The Audacity to Hate” (2022-2023)

“The Audacity to Hate” was conceived out of a deep resentment and unwillingness to complete the assignment itself, similar to the deep resentment and unwillingness I felt towards being American. Similar also to the manner in which this reflection is being written (ha-ha, just kidding). Most of the things I write out of obligation fill me with dread and a desire not to live in society anymore, and honestly, this time it was no different. 

The initial ideation for the essay, in fact, came out of a late-night journal entry in which I angrily scratched out what was, in retrospect, a looser, more aggressive version of this essay, in which I complained about not wanting to write the essay and pitied myself for finding myself in such an undesirable situation. While I would not necessarily suggest this method, I suppose, the fact that its final iterations are appearing in Mercer Street might prove that it has some merit, especially for writers who feel similarly paralyzed or afraid in the midst of their drafting process. I think it would be remiss not to acknowledge that our writing for this course–or any course, for that matter–is compulsory, and as such not necessarily something we may be voluntarily or enthusiastically engaged in. It can be hard, then, not to feel incentivized by the rubrics and grades we are accordingly appraised with and rewarded by to produce writing that is grade-oriented, teacher-oriented, success-oriented and to get it done as quickly and painlessly as possible. This leaves little space to be foolish and uncouth when I think it actually is vitally important to be foolish and uncouth.

In large part, I am able to attribute my thinking in this essay to letting myself be dumb and okay with it. To write bad, embarrassingly, absurdly, over-dramatically, irrationally, tenderly, childishly–if only to see what would happen. I think it can be a gamble, but it can also pay off. Above all, I would like to express my gratitude and utmost indebtedness to Professor Ben Gassman, who graciously believed in my ideas and gave me the audacity to be audacious.
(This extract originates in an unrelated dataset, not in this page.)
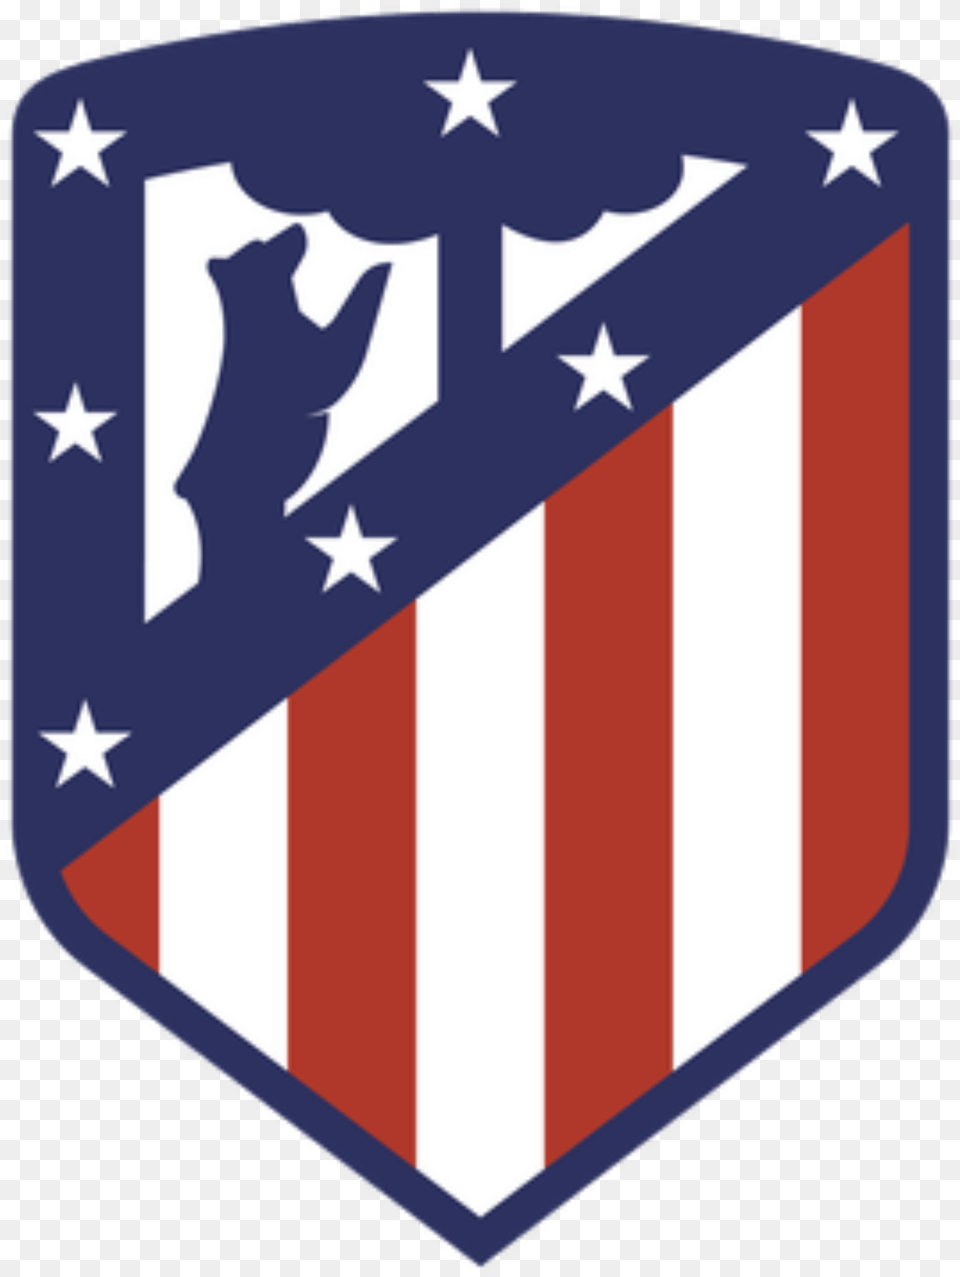 Madrid Predictions Picks Atletico Madrid Logo, Flag, Armor, Shield Png

Occasionally, Ashley Kang, ‘25, manages to articulate her profound, mysterious thoughts in a coherent sequence of words. More often, she does not. She is, as her essay reveals, an American citizen residing in the Bay Area, California. As she was not born there, she cannot call it her hometown, nor does she feel particularly compelled to, but she is willing to pretend for the sake of expediency. As she writes this, she is relapsing into her lifelong crisis of belonging and national identity, which she thought she had solved through this essay. Apparently not. She is pursuing some combination of Social and Cultural Analysis, Politics, and Journalism in the College of Arts and Science, but makes no guarantees.